Wednesday, 24 September 2014

Ebola could infect 1.4 million by end of January



The Ebola epidemic in West Africa, already ghastly, could get worse by orders of magnitude, killing hundreds of thousands of people and embedding itself in the human population for years to come, according to two worst-case scenarios from scientists studying the historic outbreak.
The virus could potentially infect 1.4 million people in Liberia and Sierra Leone by the end of January, according to a statistical forecast by the U.S. Centers for Disease Control and Prevention published Tuesday.

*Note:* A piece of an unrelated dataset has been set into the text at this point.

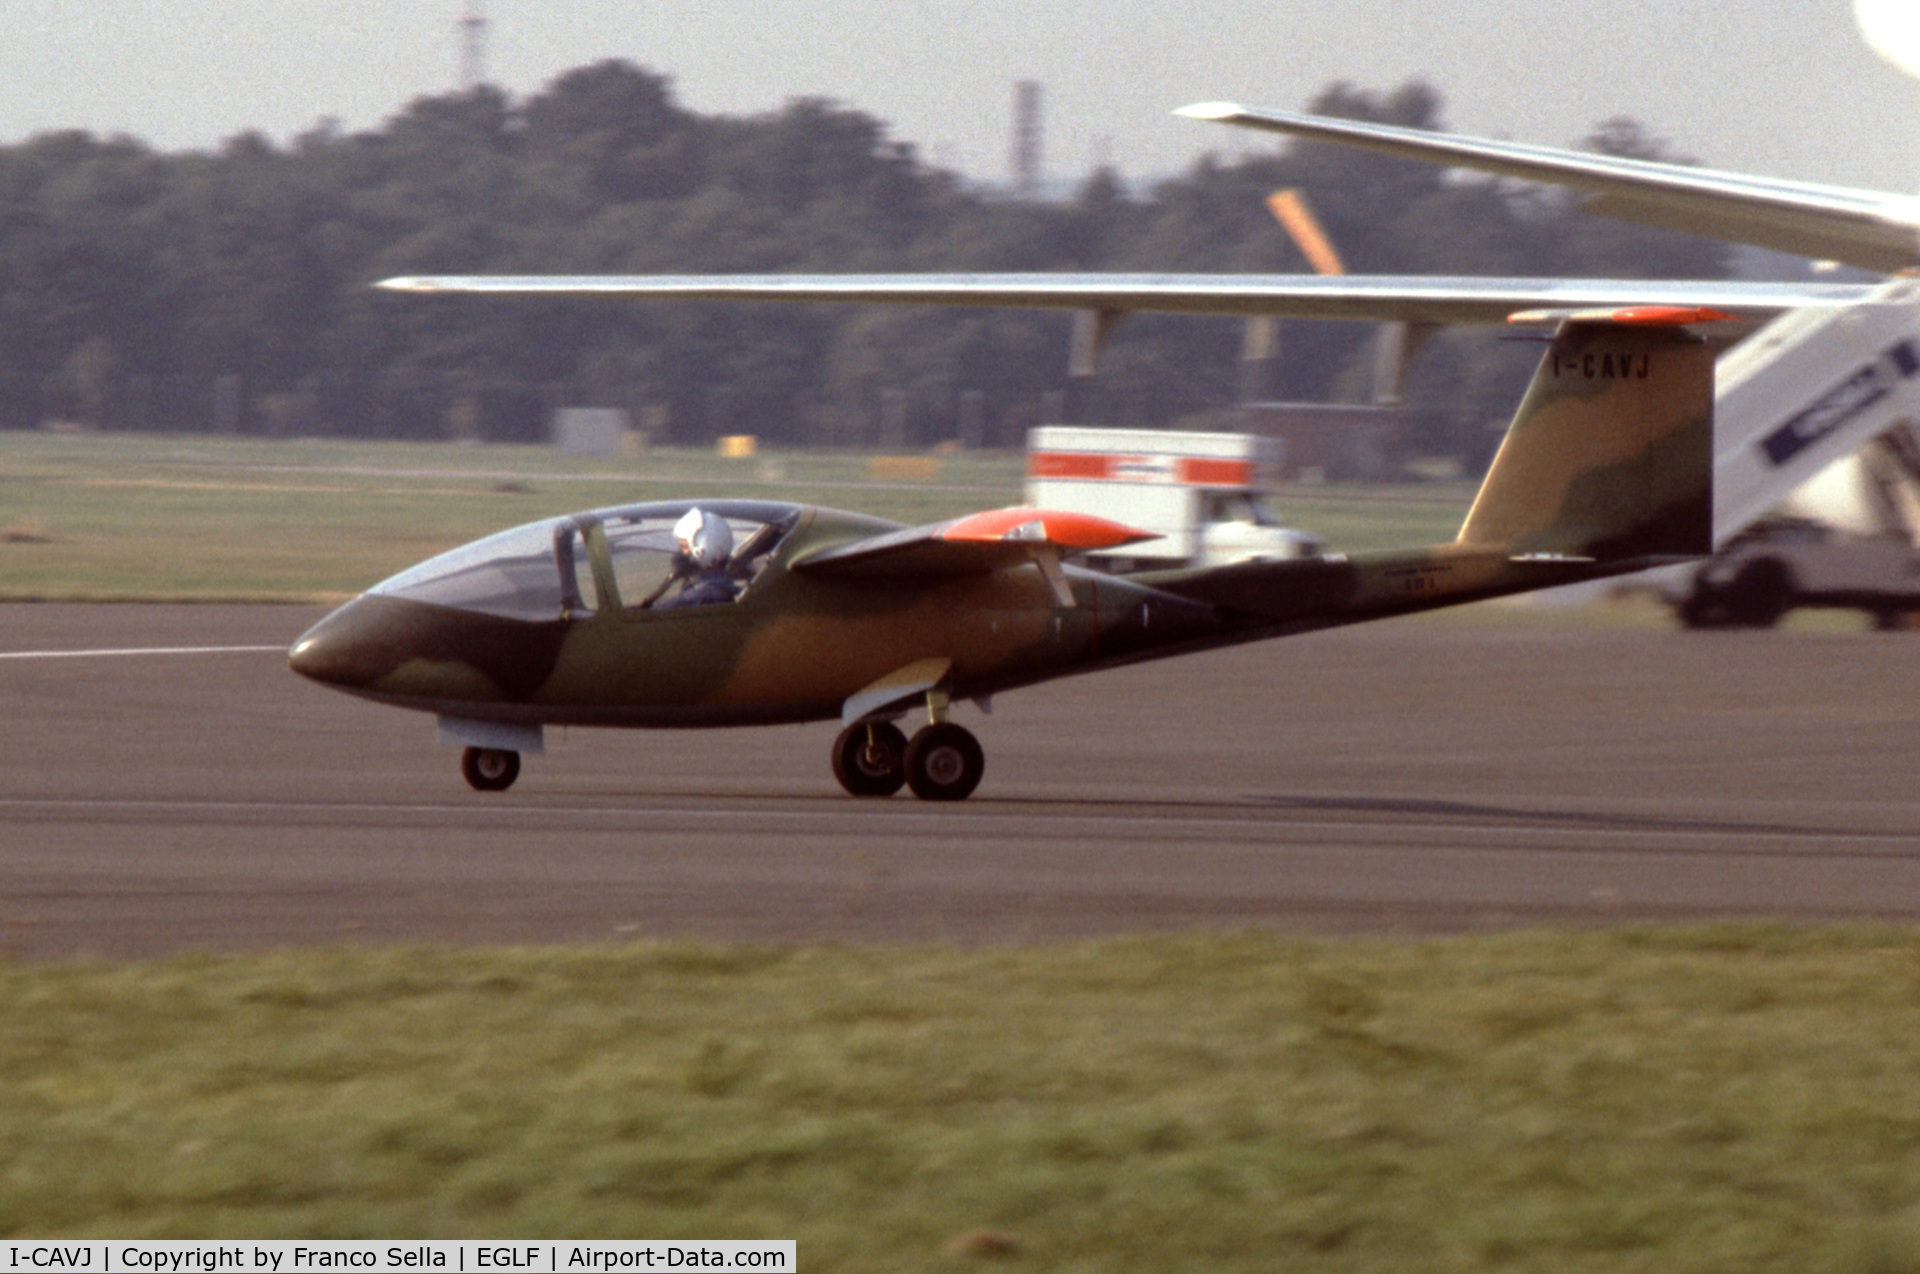 I-CAVJ, 1980 Caproni Vizzola C22J Ventura C/N 001, Caproni C22J Prototype at the 1982 Farnborough Air Show

That number came just hours after a report in the New England Journal of Medicine warned that the epidemic might never be fully controlled and that the virus could become endemic, crippling civic life in the affected countries and presenting an ongoing threat of spreading elsewhere.
These dire scenarios from highly respected medical sources were framed, however, by optimism from U.S. officials that an accelerated response can and will contain the outbreak in the weeks and months ahead.
CDC Director Tom Frieden cautioned that the estimates in the new report from his agency do not take into account the actions taken, or planned, since August by the United States and the international community. Help is on the way, and it will make a difference, he said — but time is of the essence.
“A surge now can break the back of the epidemic, but delay is extremely costly,” Frieden said.
The situation in West Africa is bleak, with people dying of Ebolain the streets outside clinics that have no available beds, and other victims remaining at home where they are infecting their caregivers. No Ebola outbreak has ever approached the scale of the present epidemic. The previous worst outbreak, in Central Africa, involved only 425 infections in Uganda from October 2000 to January 2001, and was brought under control by local responders aided by international organizations, according to the New England Journal of Medicine.
The World Health Organization has reported more than 5,800 cases, including more than 2,800 deaths in the current outbreak. The CDC assumes the actual number of cases is 2.5 times higher than what is officially known.